◆ WHAT IS REQUIRED ◆
Would you repeat the listing below exactly, with no pictures in it?

◆ RAW DATA ◆
<<<<

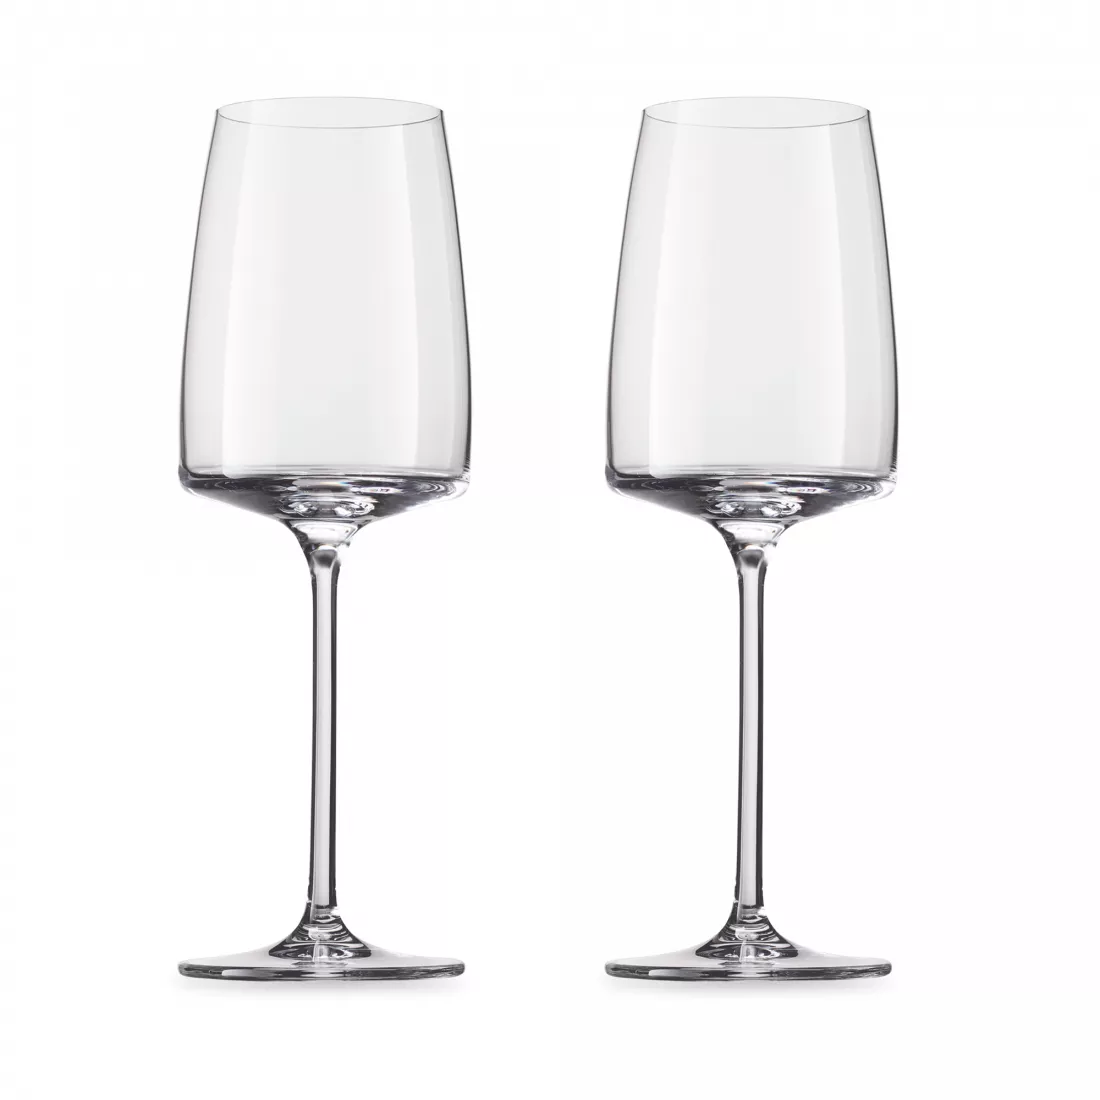 ZWIESEL GLAS Набор бокалов для вина Light & Fresh, объем 363 мл, 2 шт., серия Vivid Senses
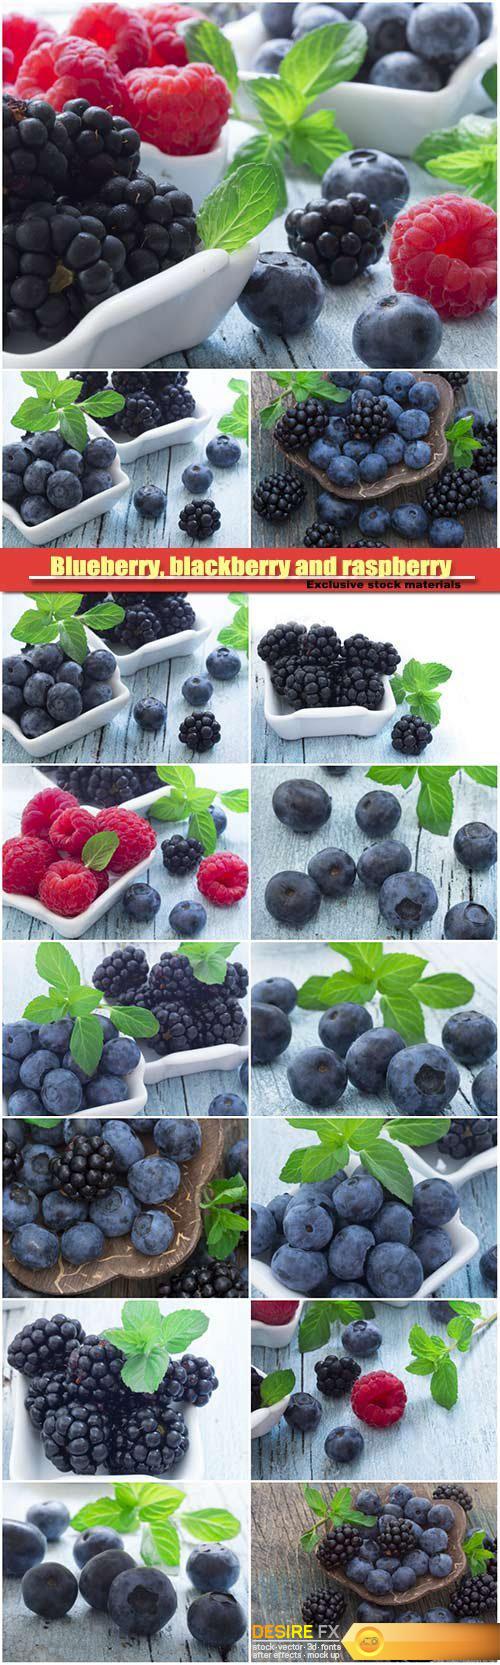 Blueberry, blackberry and raspberry
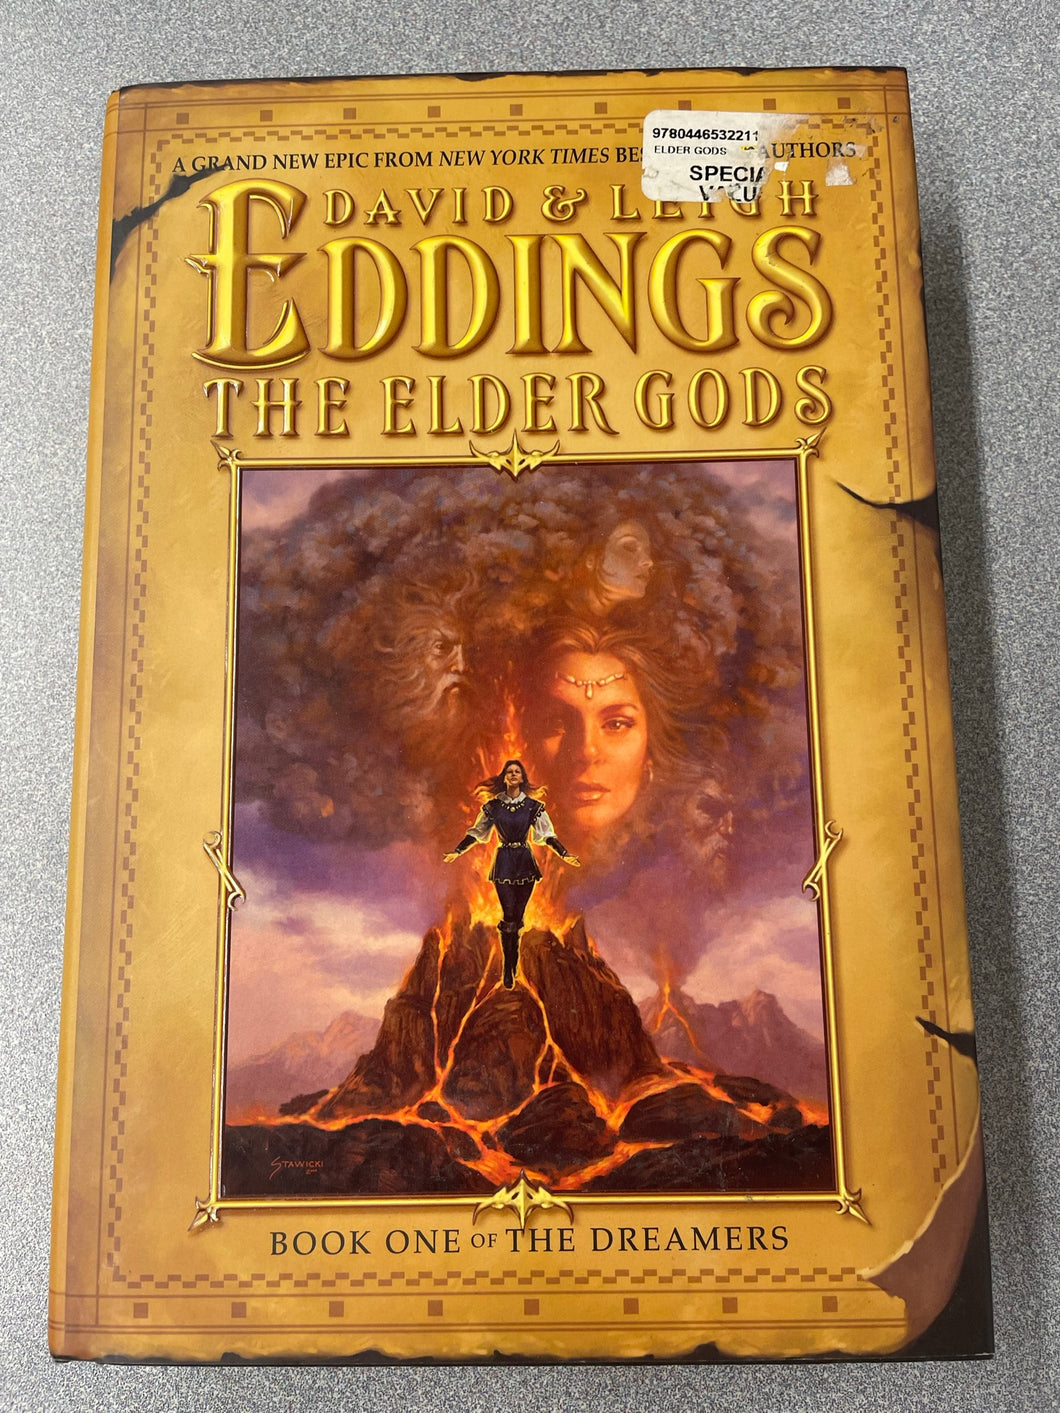 Eddings, David and Leigh Eddings, The Elder Gods [2003] SF 9/23
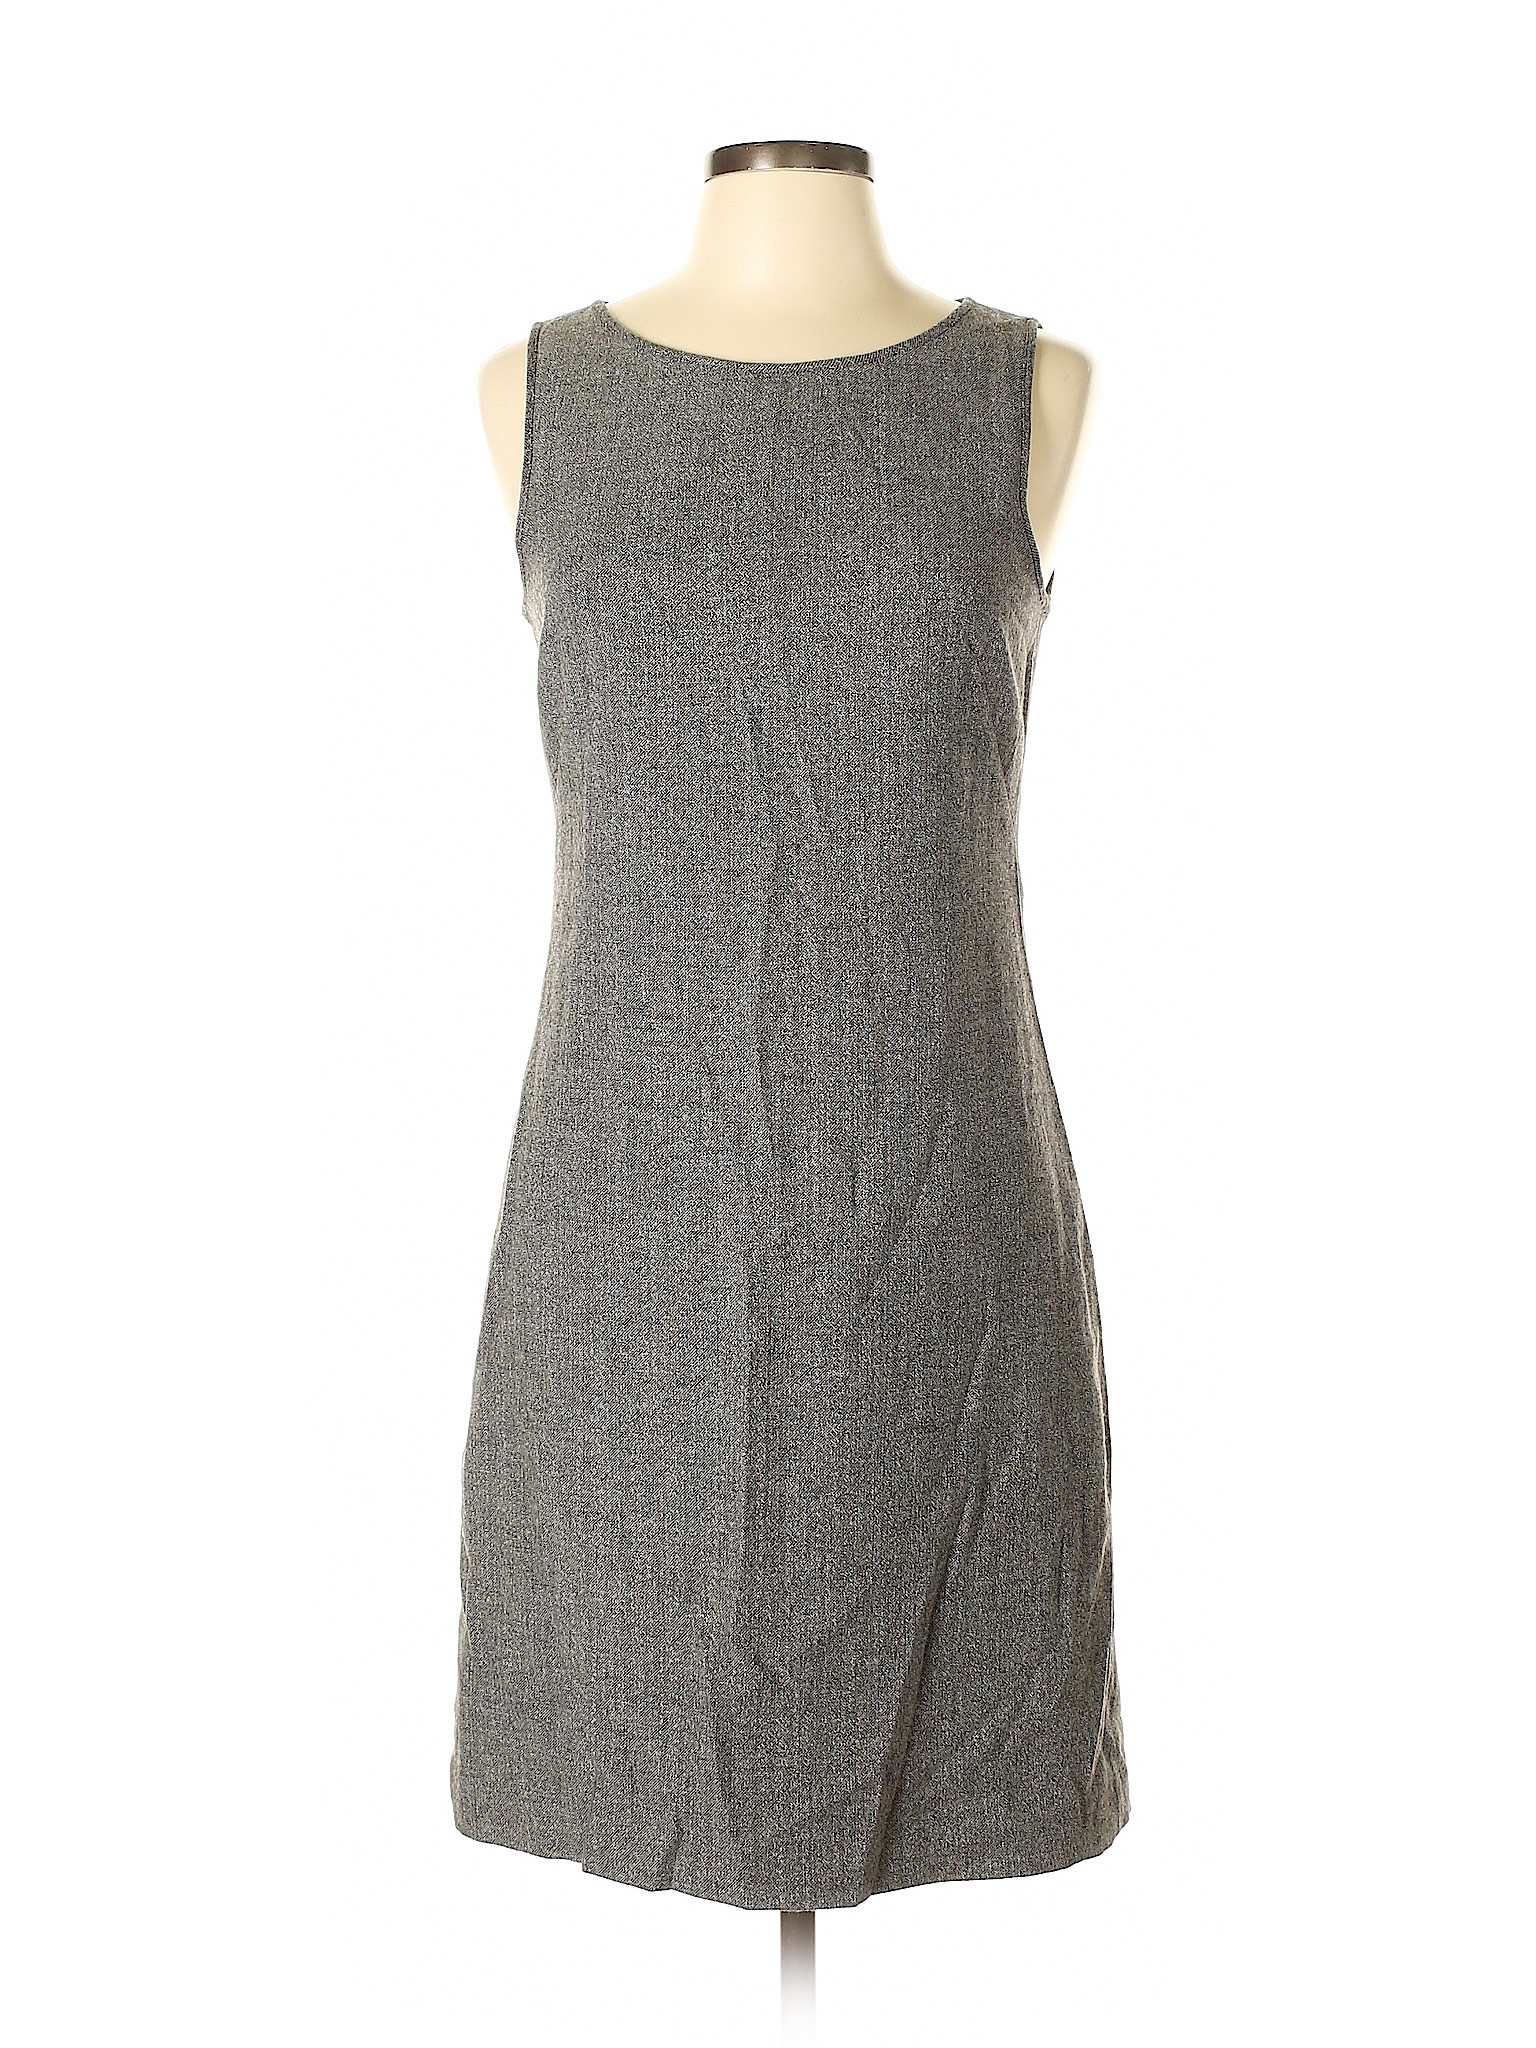 Theory Women Gray Casual Dress 10 | eBay

>>>>

◆ RESPONSE ◆
 ZWIESEL GLAS Набор бокалов для вина Light & Fresh, объем 363 мл, 2 шт., серия Vivid Senses
 Blueberry, blackberry and raspberry
 Eddings, David and Leigh Eddings, The Elder Gods [2003] SF 9/23
 Theory Women Gray Casual Dress 10 | eBay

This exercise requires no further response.